GOAL OF THE EXERCISE -
Give back exactly the lines starting at the one with "My shipping is only for the Continental US." and ending at the last line of the data below. Pictures are not part of the copy.

SOURCE DATA -

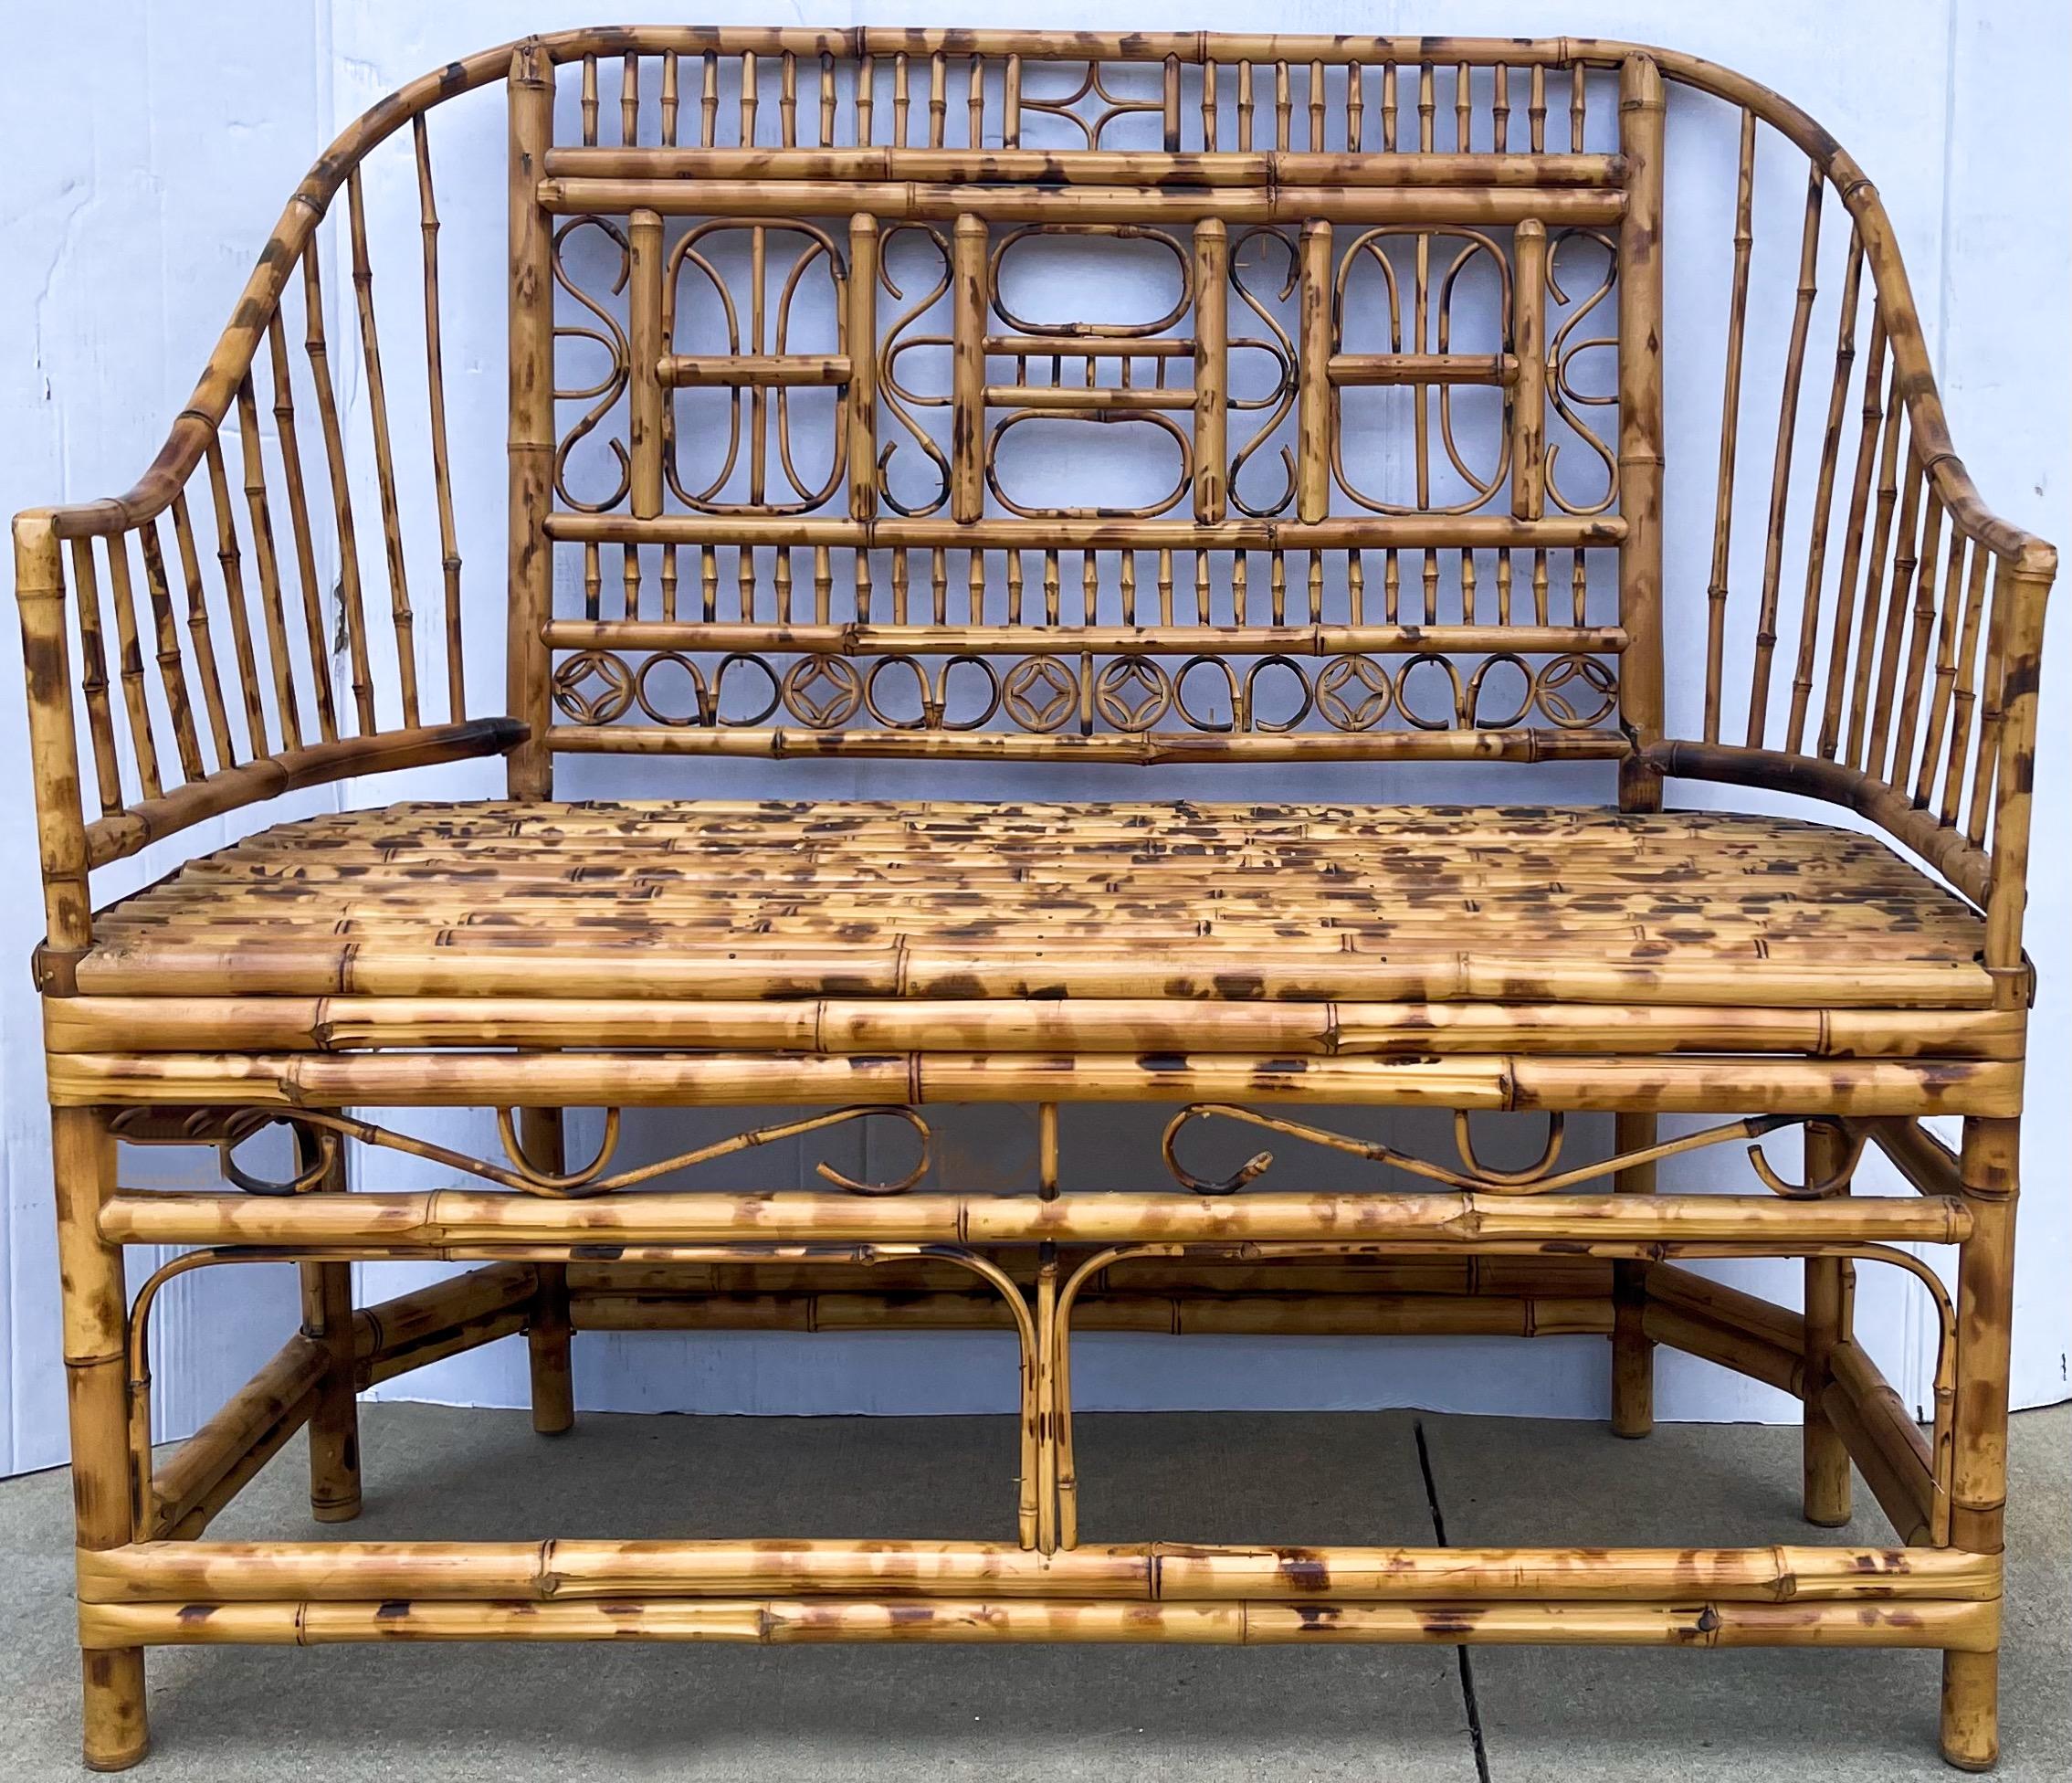 A rare bird! This is a English Brighton Pavilion style burnt bamboo settee. I believe it was probably crafted in China, but it is unmarked. It is actually in very nice vintage condition.

My shipping is only for the Continental US.
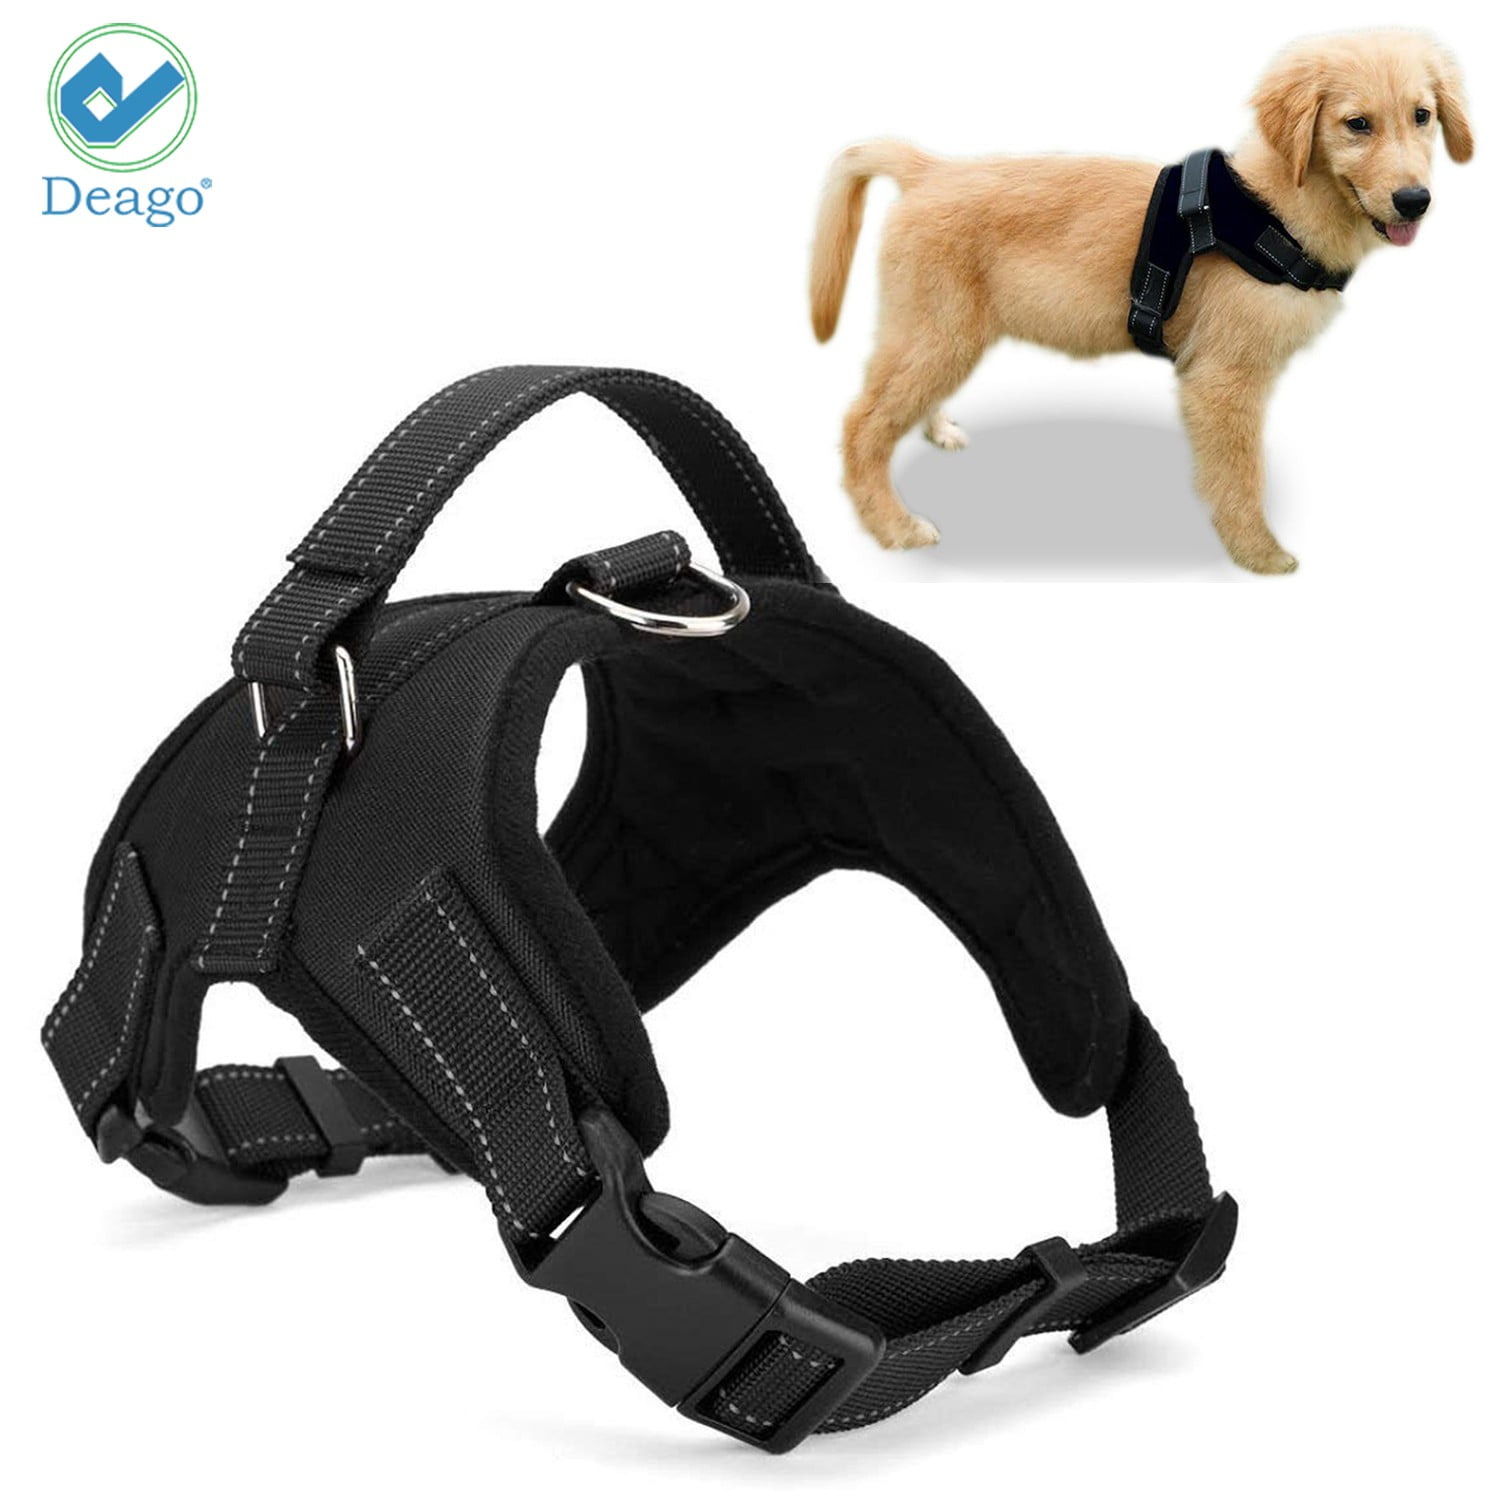 MerryBIY No Pull Dog Harness Reflective Adjustable Vest with Handle& Front and Back Lead Attachments Padded Puppy Pet Outdoor Chest Harness for Small Medium Large Dogs Training Walking Dog Harness

ANSWER SECTION -
My shipping is only for the Continental US.
 MerryBIY No Pull Dog Harness Reflective Adjustable Vest with Handle& Front and Back Lead Attachments Padded Puppy Pet Outdoor Chest Harness for Small Medium Large Dogs Training Walking Dog Harness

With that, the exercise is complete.